Bulletin Board
Rants, Raves, Interesting Science & Awful Puns
November 16, 1998

Nuclear Again

Waste Disposal


Following the items I've posted advocating nuclear as ultimately the only way to go, a number of people have repeated the frequently asked question of what to do about the waste. My response is that it's a needlessly manufactured political problem, not a technical one. And in any case the problem itself is minor compared to what we have at present.

A single 1,000 Megawatt coal plant releases something like 600lb carbon dioxide and 30lb sulfur dioxide into the atmosphere per second, and as much nitrogen oxides as 200,000 automobiles, all of which is estimated to cause 25 premature fatalities and 60,000 cases of respiratory complaints per year, per plant. In addition, it has to get rid of 30,000 truck-loads of ash annually--enough to cover a square mile sixty feet deep--full of carcinogens, highly acidic or highly alkaline depending on the kind of coal, and, ironically, emitting more radiation from trace uranium than a nuke is permitted to. That's a real waste-disposal nightmare for you.

The hysteria about toxicity is not justified by anything factual. After its initial on-site cooling-off period (i.e. at the point where it would be transported to a deep-burial site as currently proposed) high-level wastes would be about as toxic as barium or arsenic if ingested, and 1/10th that of ammonia or 1/1000th that of chlorine--which we use liberally to clean our bathtubs and swimming pools-- if inhaled. After 100 years, these figures drop to 1/1000th, 1/100,000th, and 1/10,000,000th respectively. The "conventional" types of waste remain lethal, and far less easily detectable, forever.

Some figures:

250 nuclear plants would generate enough waste to kill 10 billion people. True, if it were freely accessible, and people obligingly lined up to receive their daily dose or intake of it. The same is probably true also of gasoline. By the same token the U.S already produces enough:

-- arsenic trioxide to kill 10 billion people

-- barium to kill 100 billion.

-- ammonia to kill 6 trillion.

-- phosgene to kill 20 trillion.

-- chlorine to kill 400 trillion

As for plutonium having a long half-life, so what? Compost heaps and incense sticks have long half-lives; napalm bombs and gunpowder have short ones. The public health limits on plutonium in drinking water are 400 times higher than for radium, which is used safely as a matter of course in practically every hospital.

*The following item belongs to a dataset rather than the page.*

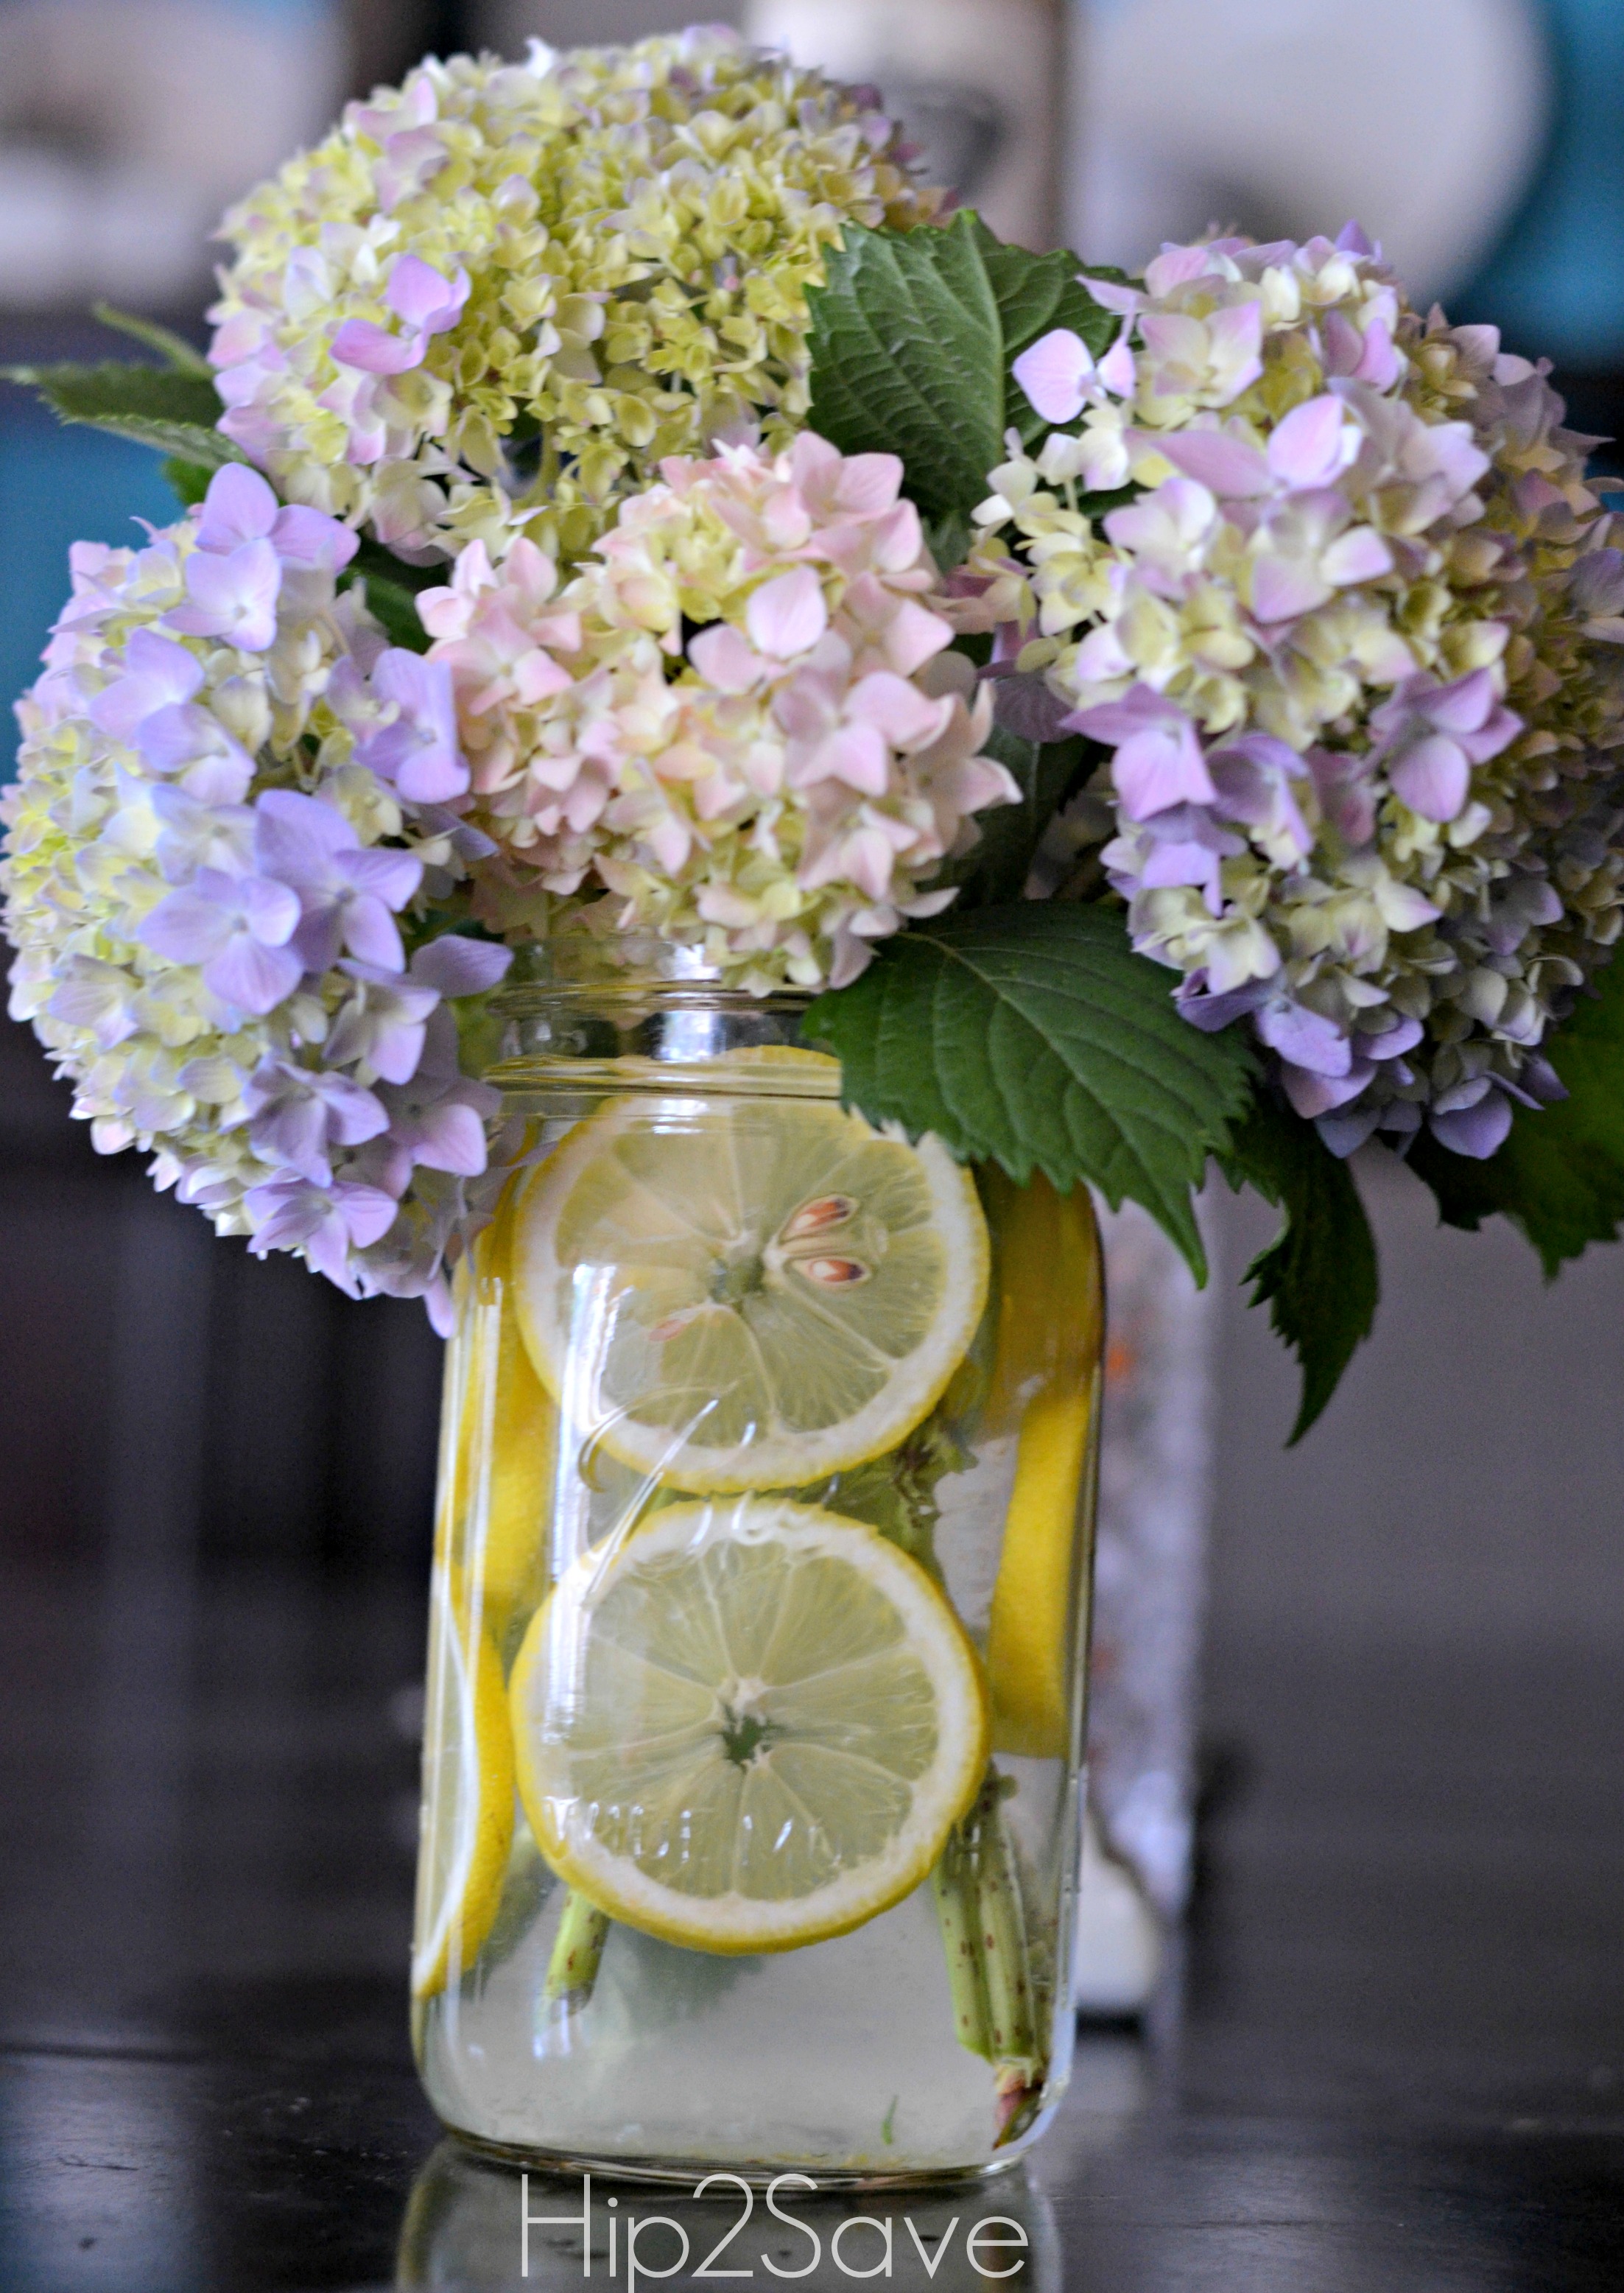 https://hip2save.com/wp-content/uploads/2014/02/lemons-and-flowers-in-a-mason-jar-hip2save.jpg?strip=all

In short, N-waste turns out to be significantly less hazardous than many other substances that are handled routinely in far greater volumes, and with far less care.

The sensible way to deal with waste (actually a potentially valuable by-product) is to reprocess it into new fuel and burn it up in reactors, which not only solves the "problem" but would save about $4 billion in imported oil costs in the lifetime of a 1,000 MW plant. Roughly 96% of the spent fuel that comes out of a plant can be handled in this way. The remaining "high level" waste from a year's operation of a 1,000 MW (large) plant takes up about half a cubic yard.

This is what the U.S. nuclear industry was set up to do--as the rest of the world is doing--until political obstructionism in the late 1970s halted work on the Barnwell facility in South Carolina, which was being built to handle commercial wastes. Legislation passed at the same time cut the utilities off from the military facilities that had been handling commercial wastes safely since the 1950's. The result was that 100% of what comes out of the reactors is having to be treated as if it were high-level waste, to be stored in ways that were never intended, and this is what gets all the publicity.

So, in answer to "What about the waste?" What about it?